### Data provided
_ _ _ _

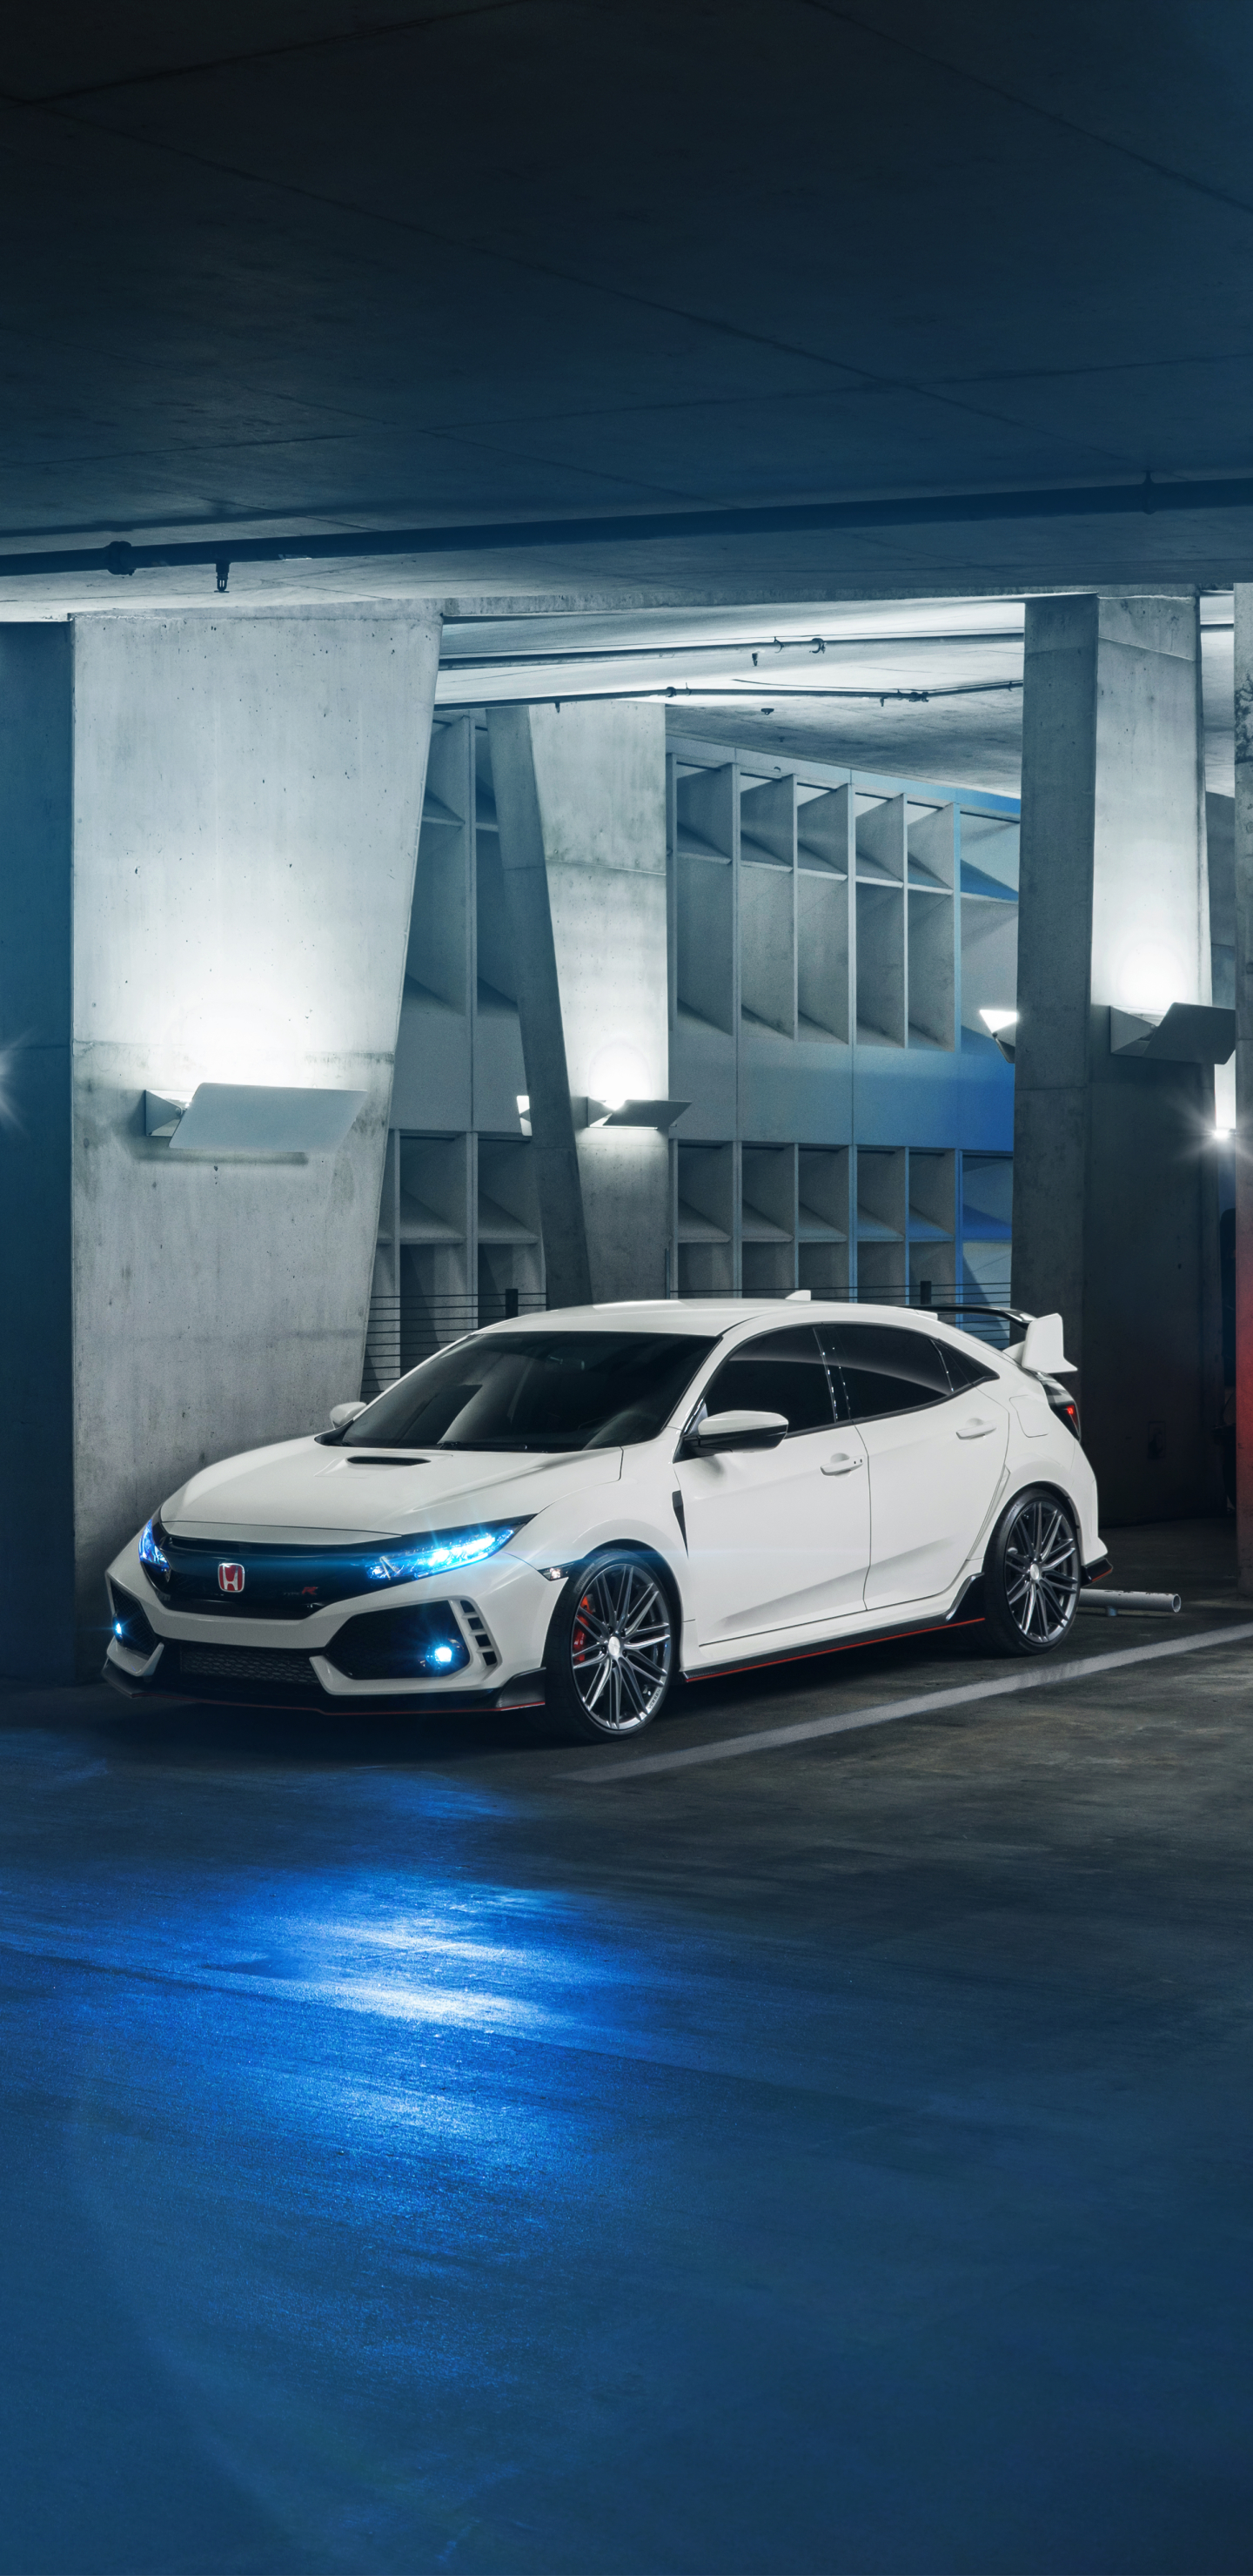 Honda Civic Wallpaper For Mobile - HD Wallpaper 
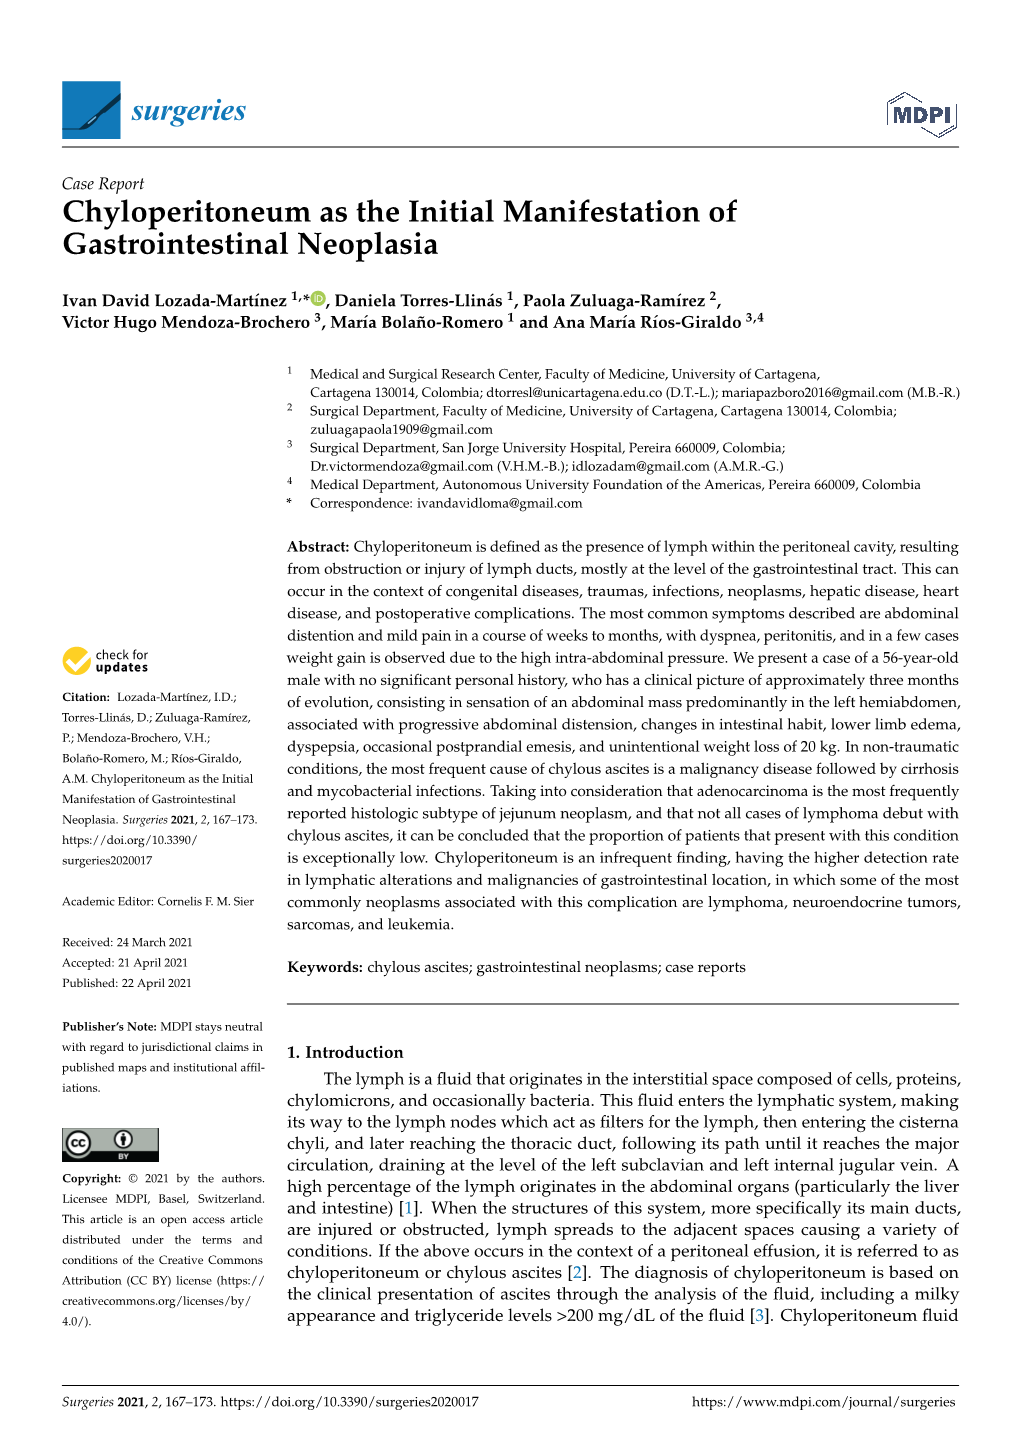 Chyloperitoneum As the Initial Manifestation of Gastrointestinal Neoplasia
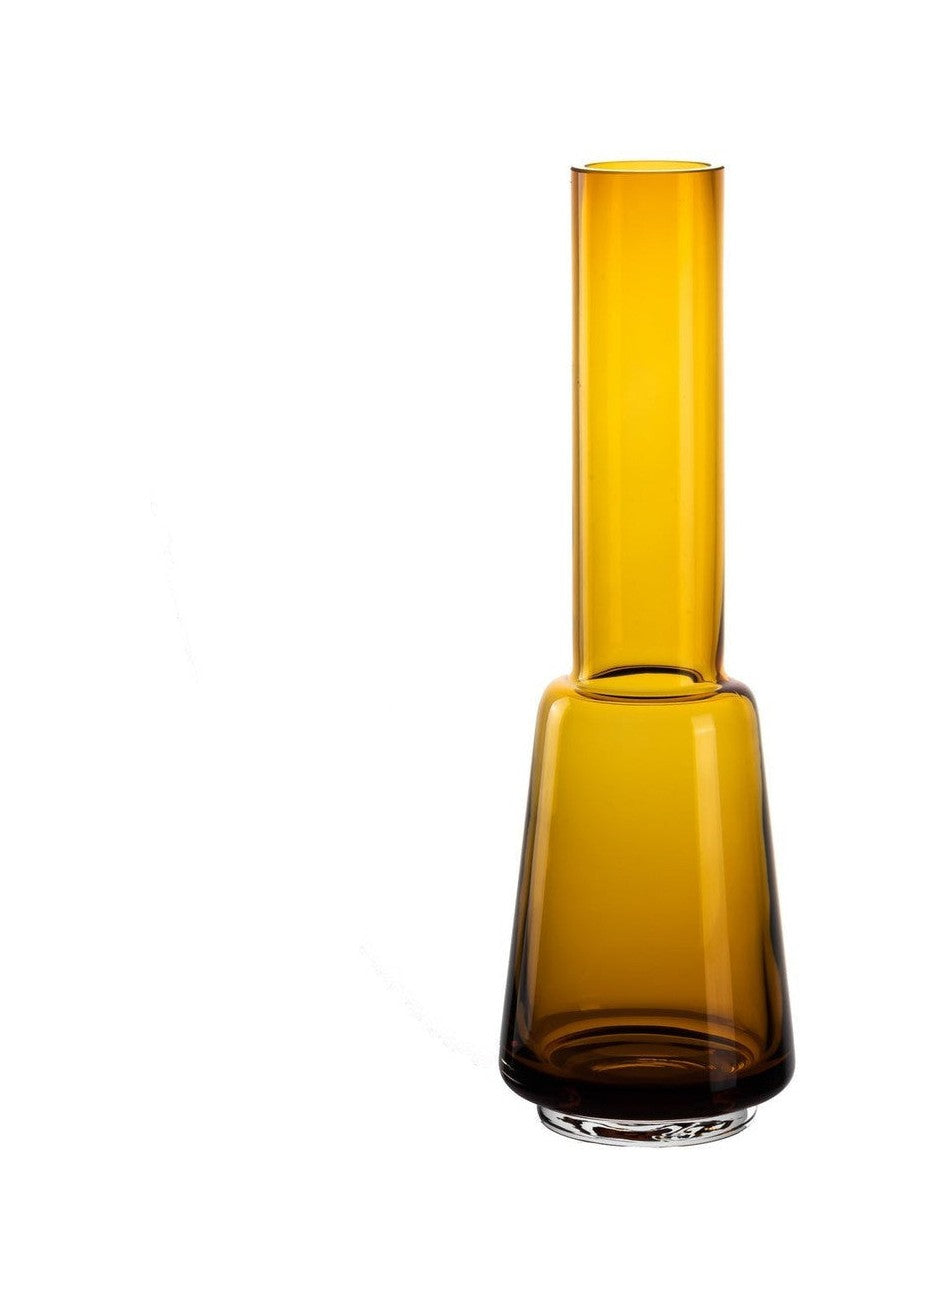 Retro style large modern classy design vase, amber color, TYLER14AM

_ _ _ _

### Directions
The listing should be transcribed exactly. No picture is to appear in the transcription.

### Result below
 Honda Civic Wallpaper For Mobile - HD Wallpaper 
 Chyloperitoneum As the Initial Manifestation of Gastrointestinal Neoplasia
 Retro style large modern classy design vase, amber color, TYLER14AM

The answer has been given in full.